Well, I’m sure you’re wondering why I’m writing to you after all these years, so I’ll get to the point:
I’m worried about Mark. I’m sure this Holly is a very nice girl.
But I’m not so sure she’s right for our Mark. She’s the ARTISTIC type, for one thing. I know she has a very good job with the paper Mark sometimes writes that little column for. But let’s face it: she doesn’t exactly earn the kind of money I know some of Mark’s past girlfriends are making now—Susie Schramm, for instance. You remember Susie, don’t you, Cal? She’s a lawyer now, with a very high-powered firm. I think Susie’s SO MUCH more of Mark’s type than this Holly girl.
And I DON’T mean because Holly’s not Jewish.
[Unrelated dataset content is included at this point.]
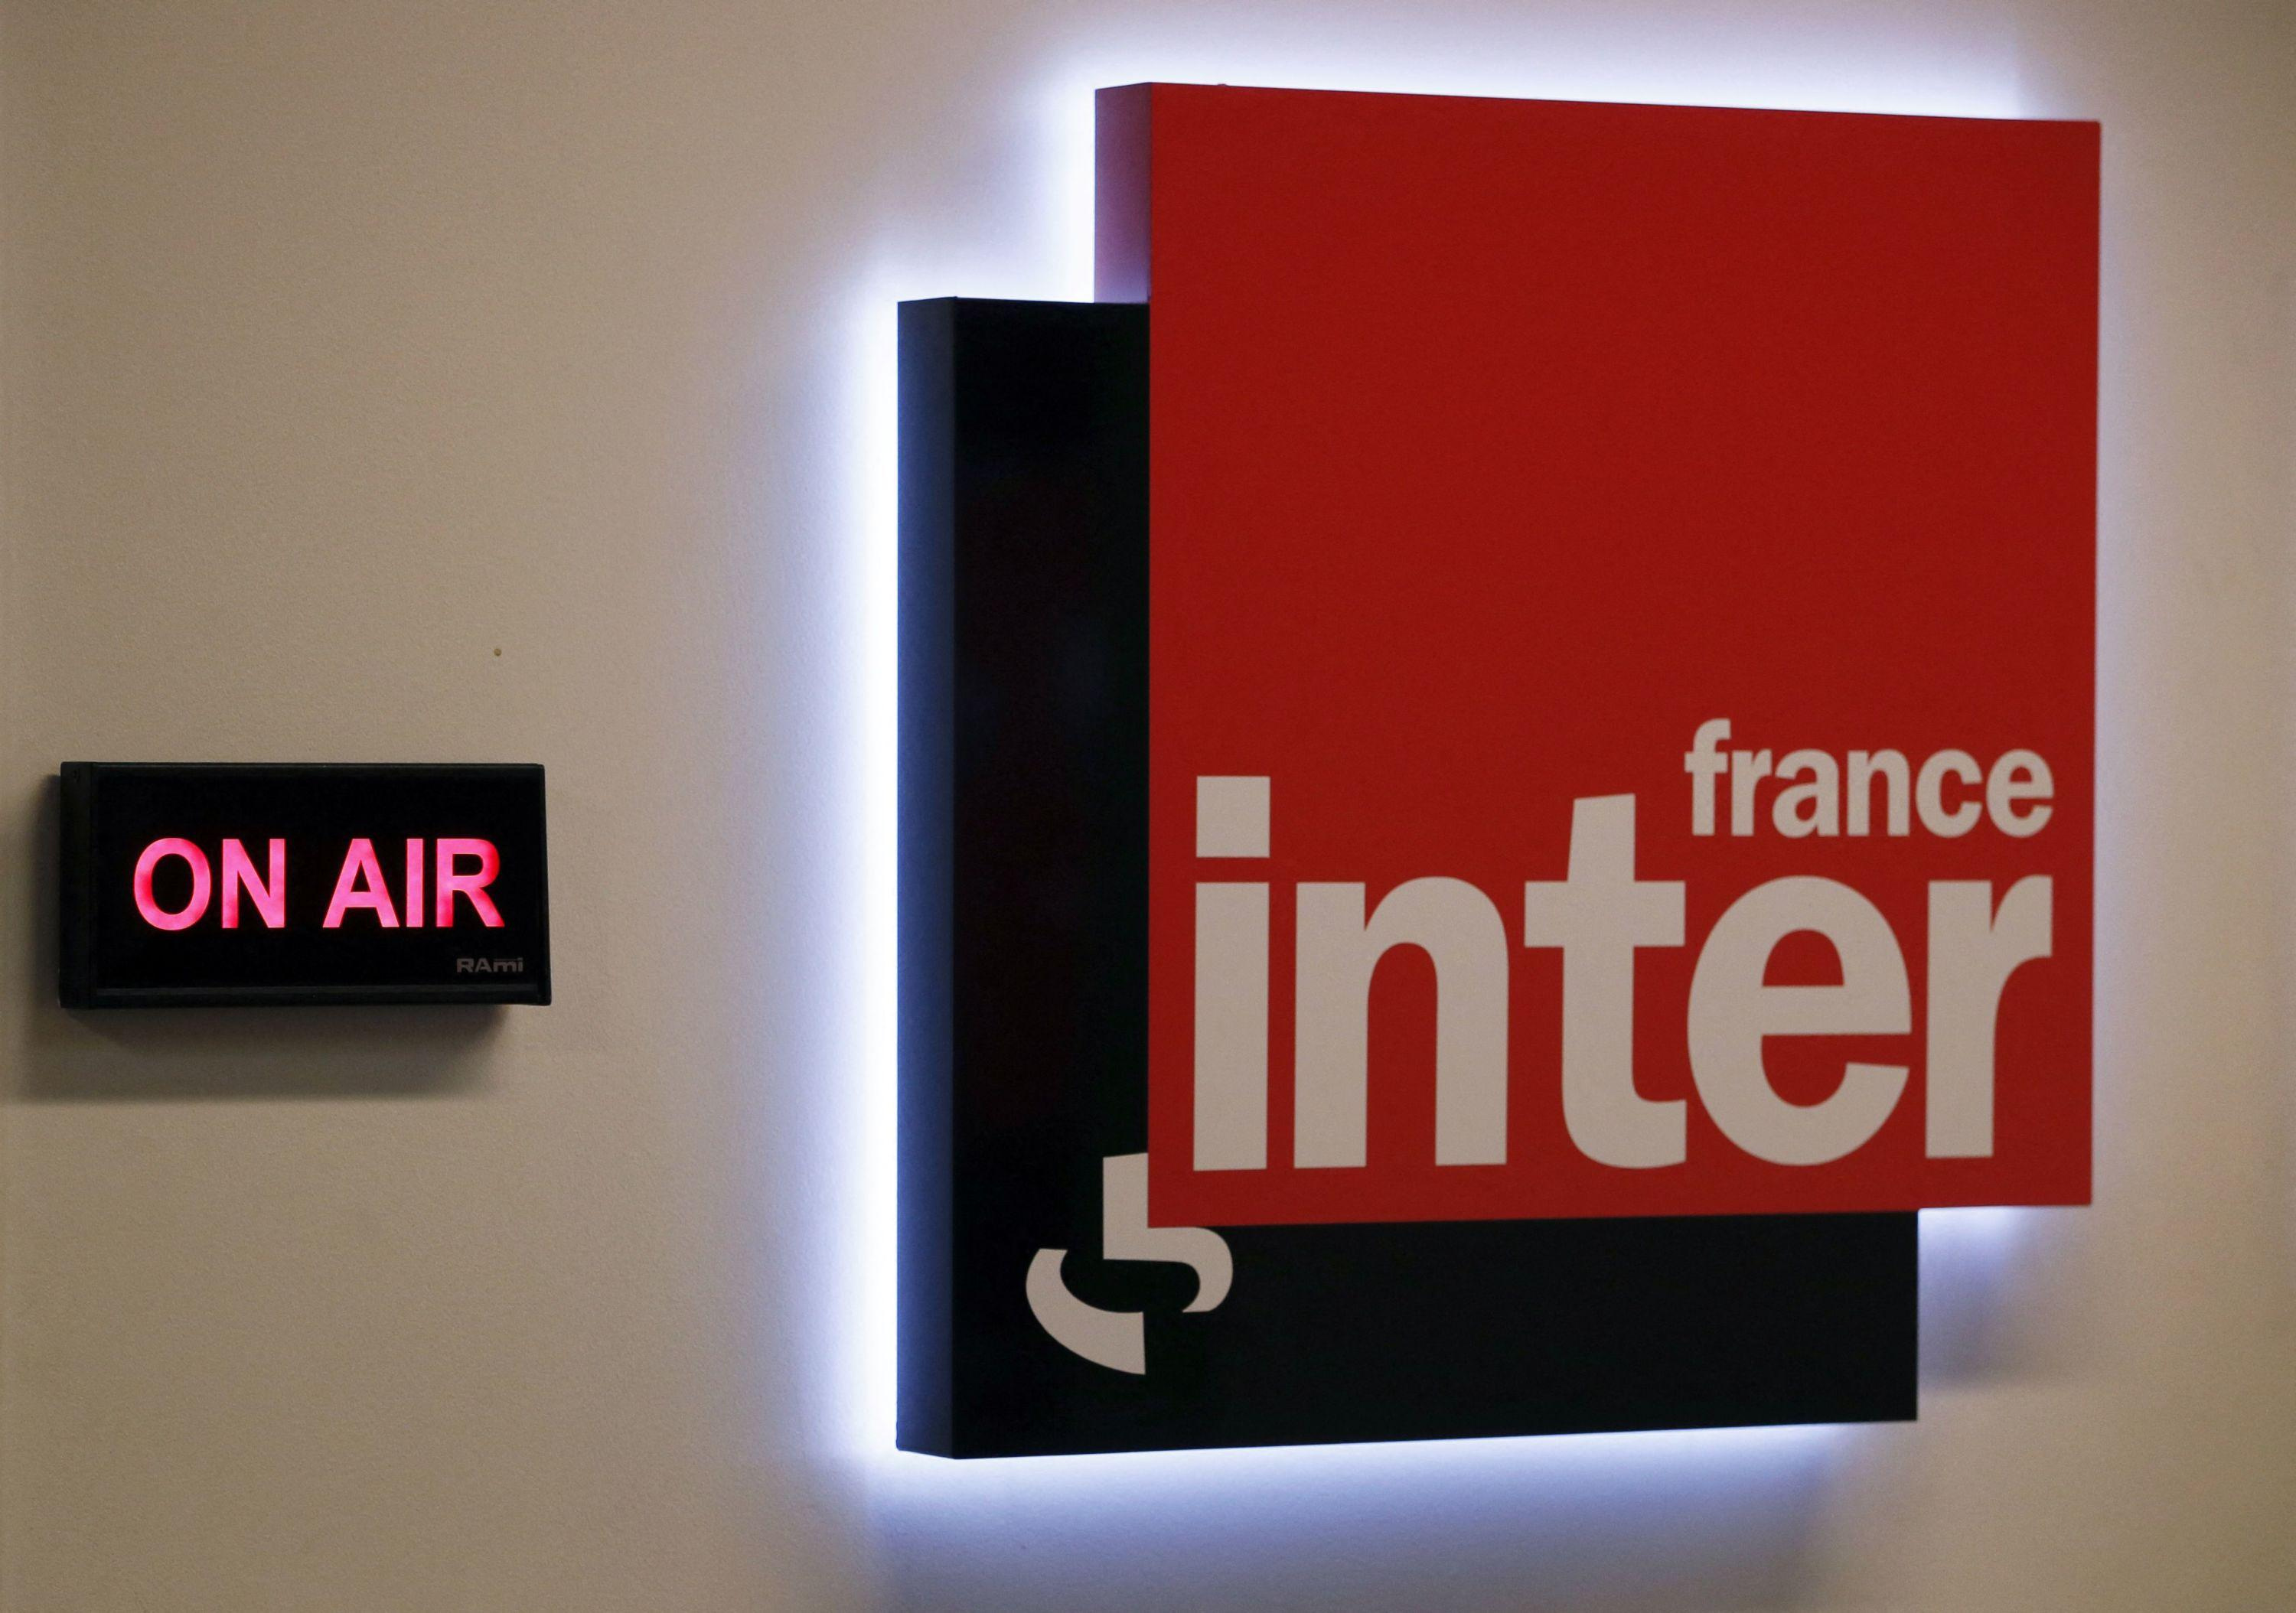 Audiences radio : France Inter reste solidement en tête, Europe 1 poursuit sa remontée

You know I NEVER judge people by their religion. After all, your family was—what was it again? Protestant?—and it never bothered me a bit! We quite enjoyed your mother’s Christmas Eve cocktail party every year.
It’s just that Mark has always been such a romantic. I’m sure deep down he thinks things like religious background don’t matter. But you were always much more practical, Cal—not to mention, you’ve been around the world, and seen much more than Mark has—so I know you understand.
Plus, having been through a divorce yourself, I’m sure you wish someone had taken you aside in a brotherly manner and warned you not to rush into anything with that Valerie person. She was no good for you, anyone could see that. I knew it the minute I met her. What was she thinking, wearing that off-the-shoulder thing at your wedding? I realize it was couture and that Oscar de la Renta designed it just for her. Still, it hardly fit in at the country club here, now, did it?